# Caught my first common carp on the fly!



## Eat Sleep Fish (Apr 19, 2012)

Well guys, finally caught my first carp on the fly rod! To some of you this may not be big as I know this fish grow very big, but for me this was a big fish especially on the fly rod. Was a very slow and unproductive morning but I was determined. Saw some carp feeding but just couldn't get a hookup. Threw a variety of flies but nothing was working. Finally I decided to switch up, I brought my sweet corn recipe with me and knew this would probably be my only shot at hooking one today, conditions were not ideal at all for fly fishing.
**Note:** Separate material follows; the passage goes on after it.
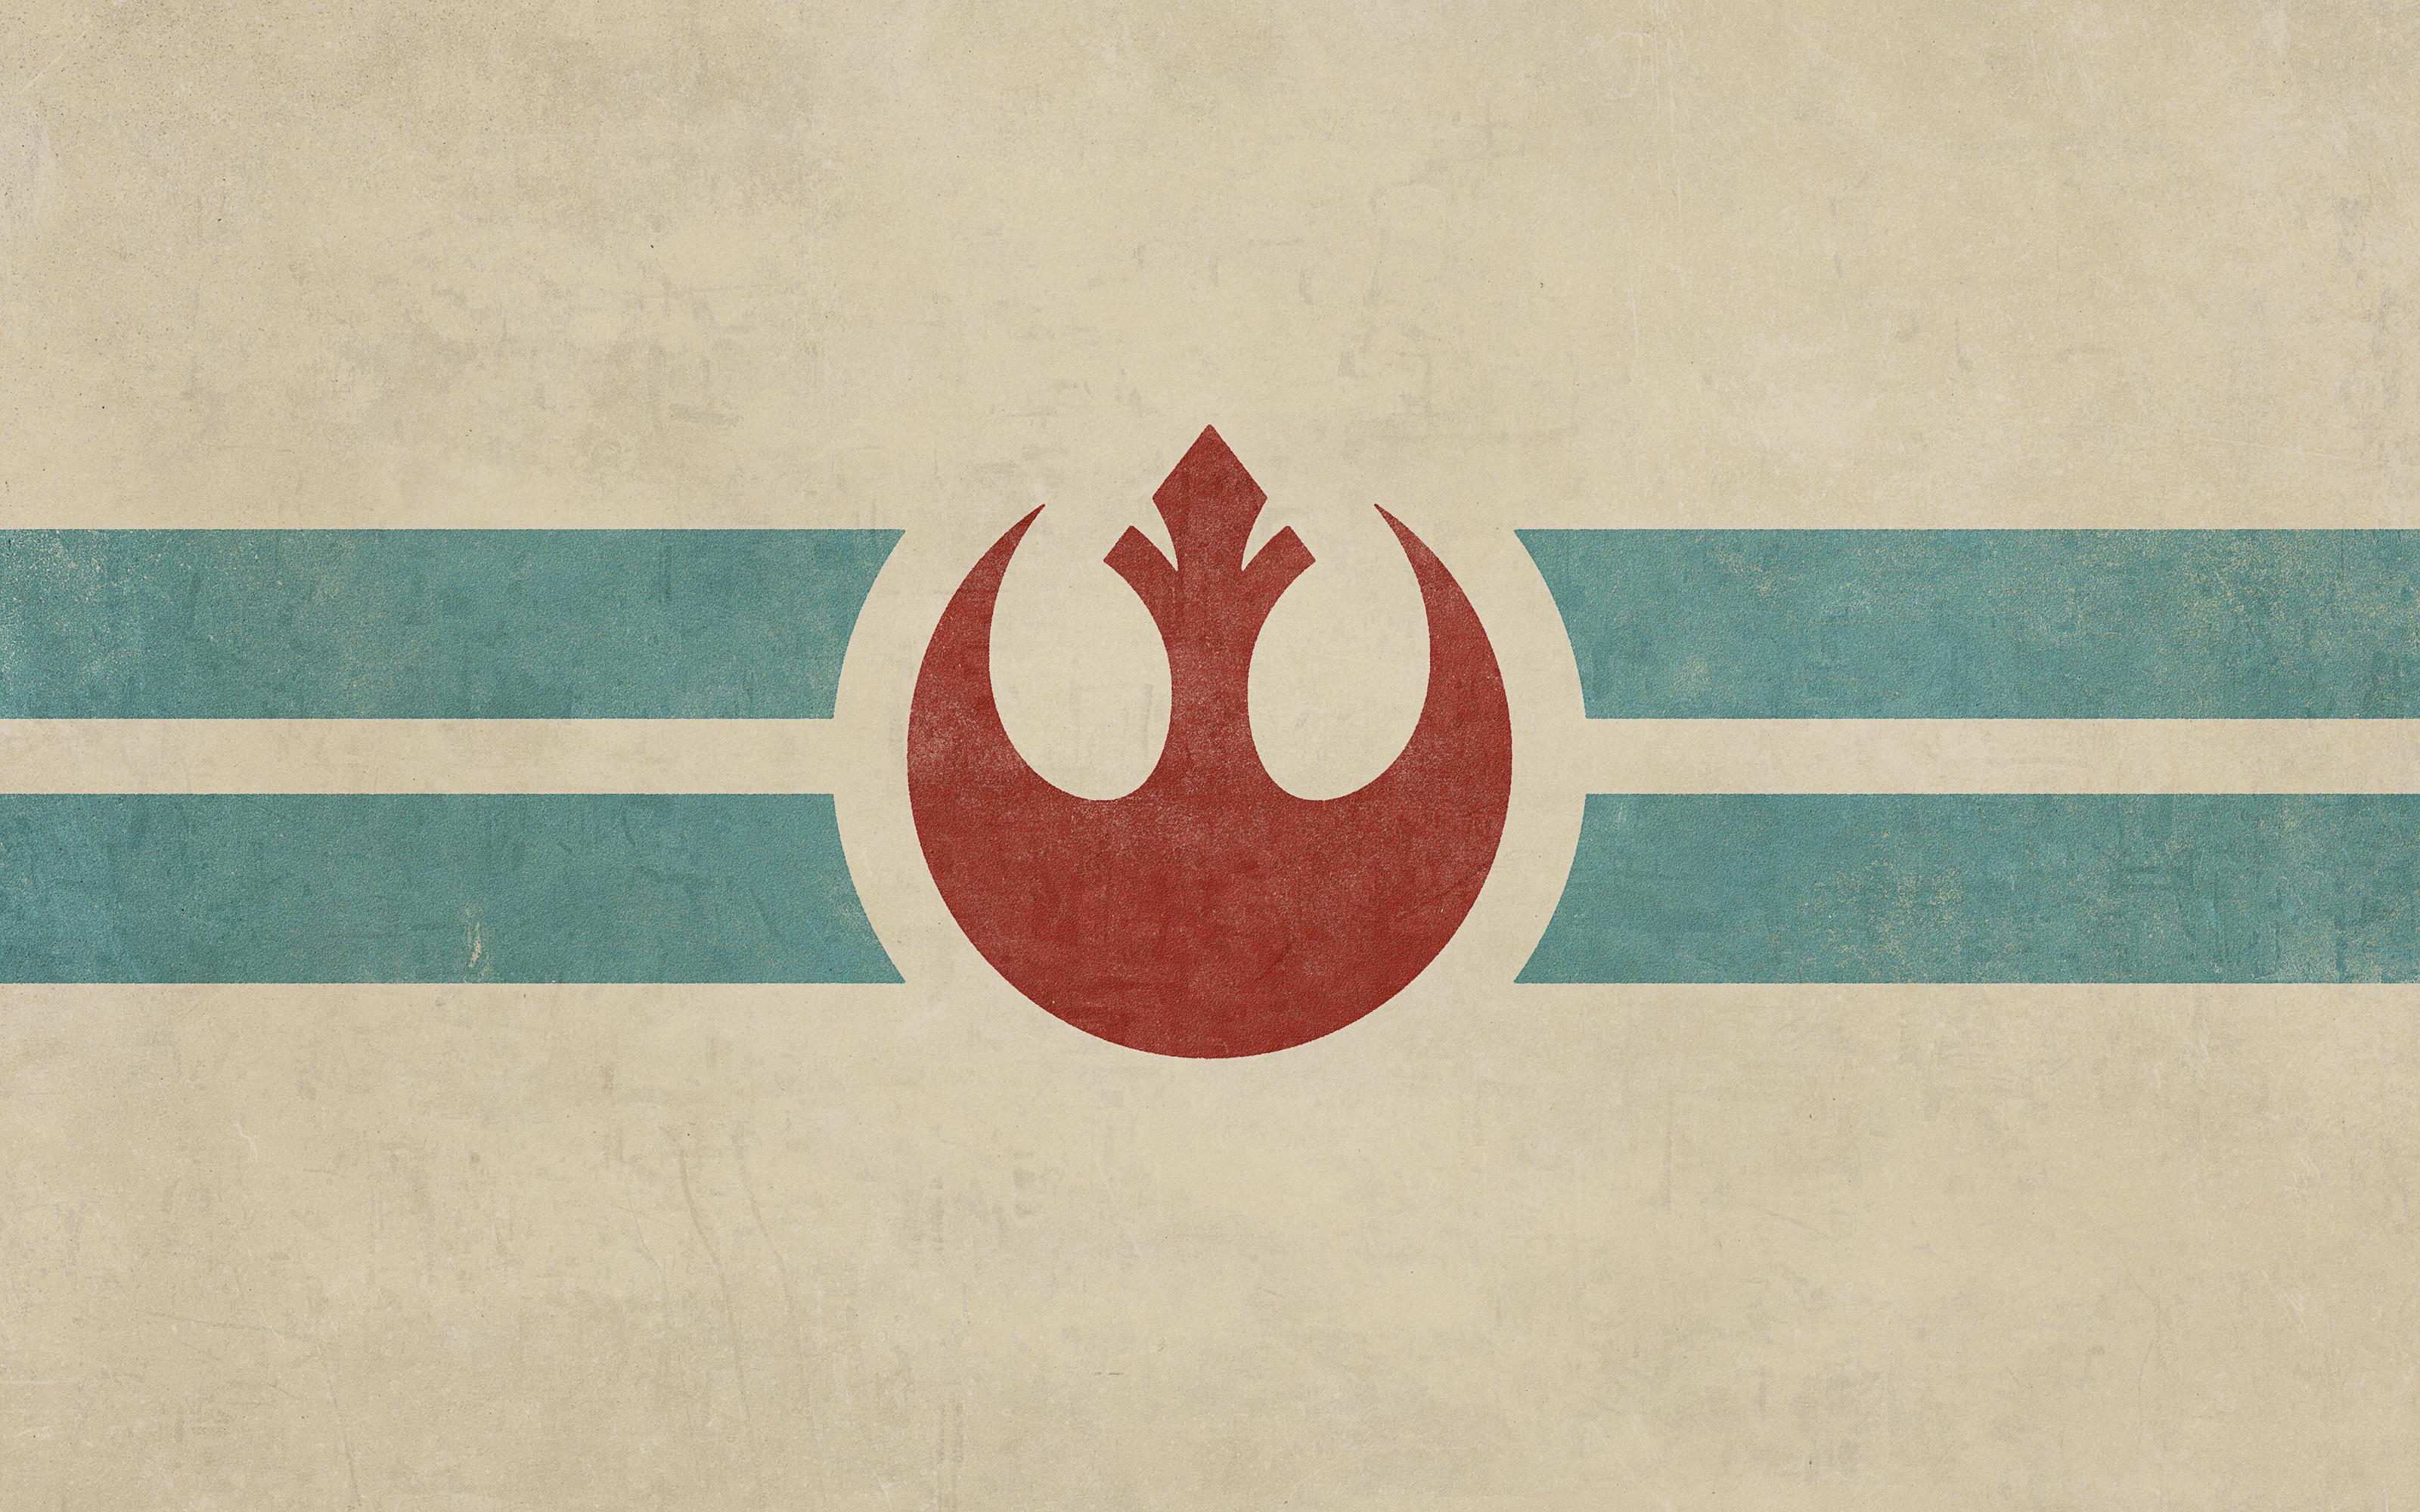 Rebel Alliance Wallpapers Wallpapertag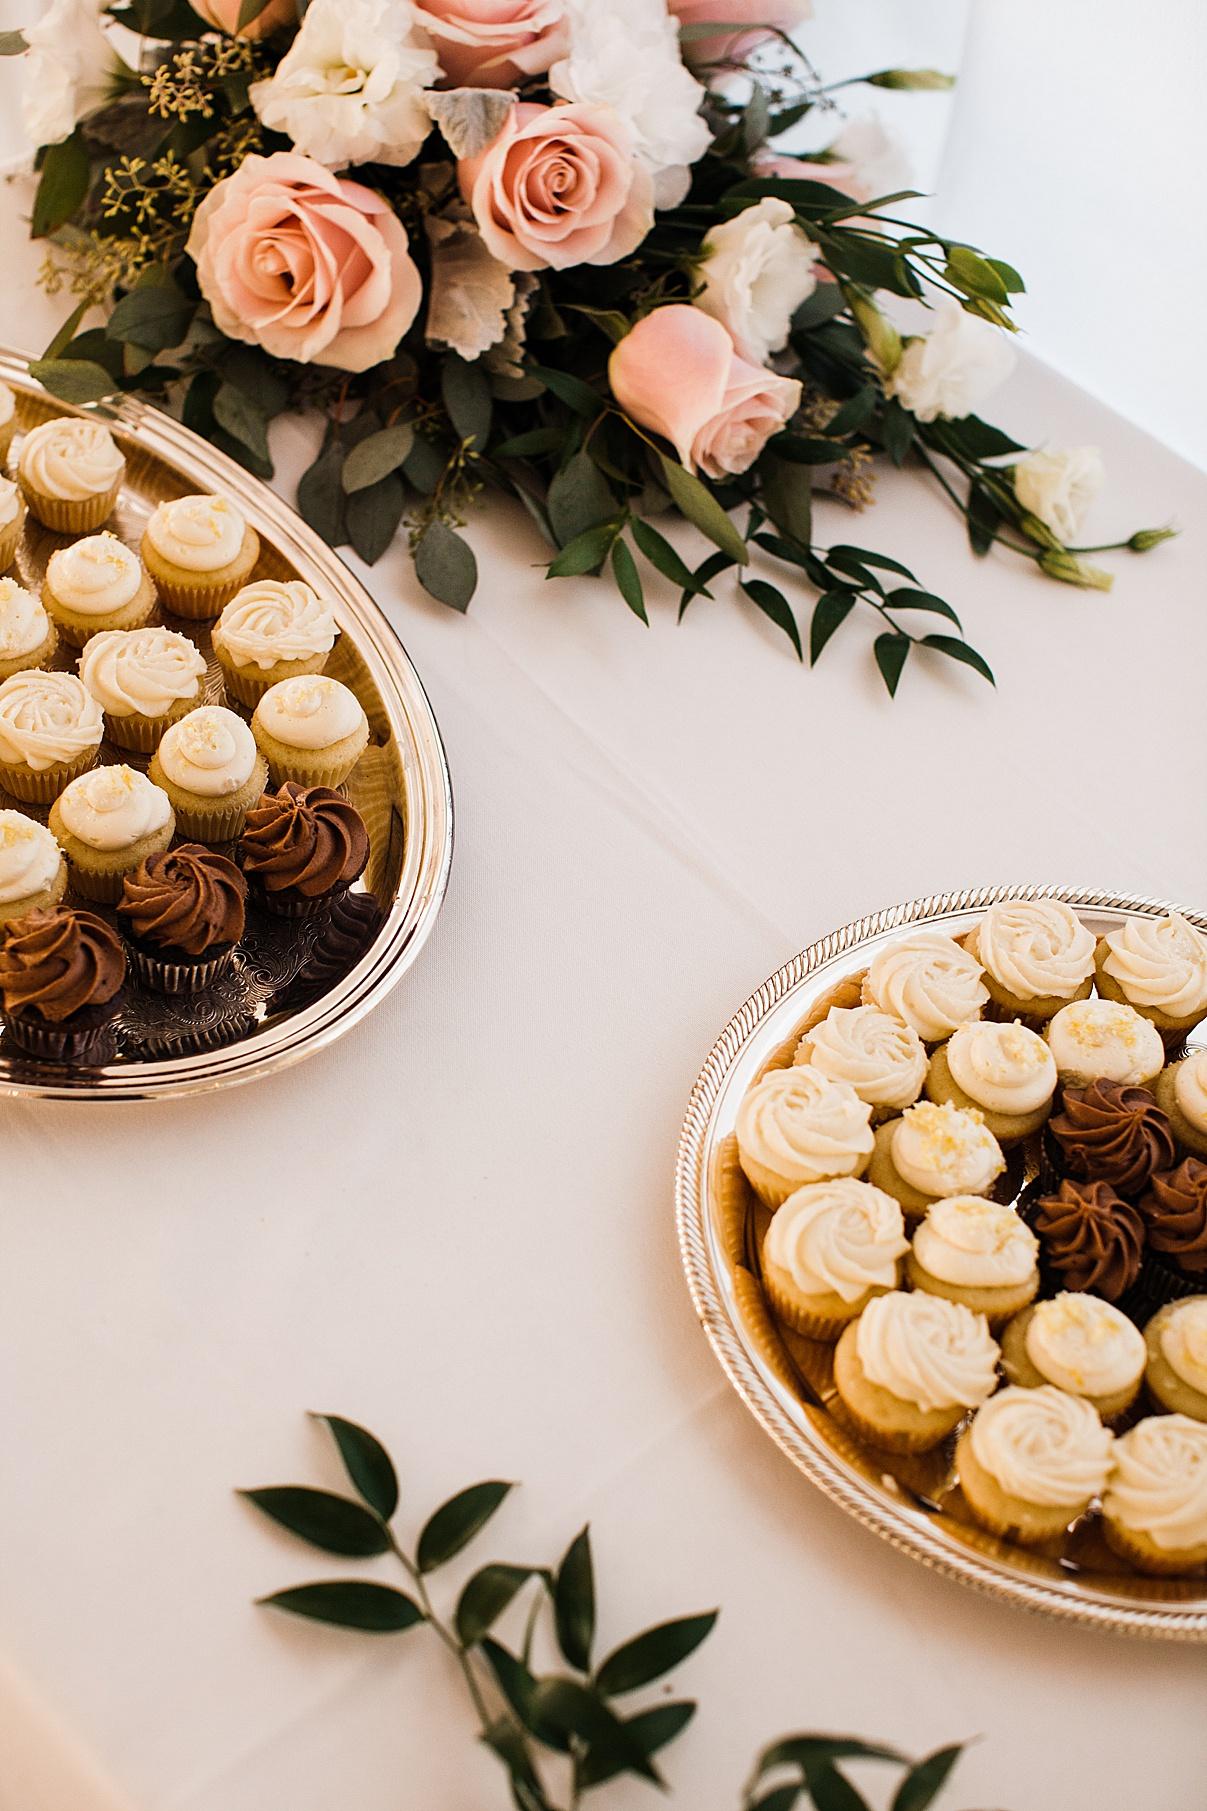 Cupcakes at wedding reception| Harding Waterfront Estate Wedding| Ontario wedding photographer| Toronto wedding photographer| 3 Photography | 3photography.ca

I took an old corn imitation fly and stripped the foam off so I had a bare hook, then I lined it with corn and let it drift with the wind. After some patience and hard work, I hooked into this beauty! Put up one heck of a fight let me tell you, do not underestimate the power of these fish, carp are extremely strong. Not once during the whole fight did this fish stop pulling. It made various runs during our battle but never gave up, this fish fought all the way till I got em up on shore. Much respect to the fish, so grateful to have landed this fish and got it on film to share with you all. I hope you enjoy the video! Stay tuned for much more!

-Devon


----------



## BrandonFox (Jan 8, 2013)

Congrats!

If you're seeing those fish kick up mud, but can't see the actual fish, try fishing under an indicator to them. The bite will be extremely subtle, but that can be the ticket sometimes.


----------



## Fishsurfer (Dec 14, 2014)

Fresh water Bonefish!


----------



## 8weight (Mar 24, 2016)

Fantastic job!

Yeah lol ******* Bonefish.


----------



## Worm Drowner (Sep 9, 2010)

If you're into carp and want to learn more, give Danny Scarborough a shout ([email protected]). He's a really good carp, sand bass, LMB & crappie flyfishing guide and a really nice guy to boot!


----------



## Eat Sleep Fish (Apr 19, 2012)

BrandonFox said:


> Congrats!
> 
> If you're seeing those fish kick up mud, but can't see the actual fish, try fishing under an indicator to them. The bite will be extremely subtle, but that can be the ticket sometimes.


Cool will do! Thanks!


----------



## Eat Sleep Fish (Apr 19, 2012)

8weight said:


> Fantastic job!
> 
> Yeah lol ******* Bonefish.


Haha thank you!


----------



## Eat Sleep Fish (Apr 19, 2012)

Worm Drowner said:


> If you're into carp and want to learn more, give Danny Scarborough a shout ([email protected]). He's a really good carp, sand bass, LMB & crappie flyfishing guide and a really nice guy to boot!


Funny you mention that, I actually ordered some carp flies from him. I'm hoping to pair up with him sometime to chase some big carp down!


----------



## Bird (May 10, 2005)

Nice fish. Looks like a great fight


----------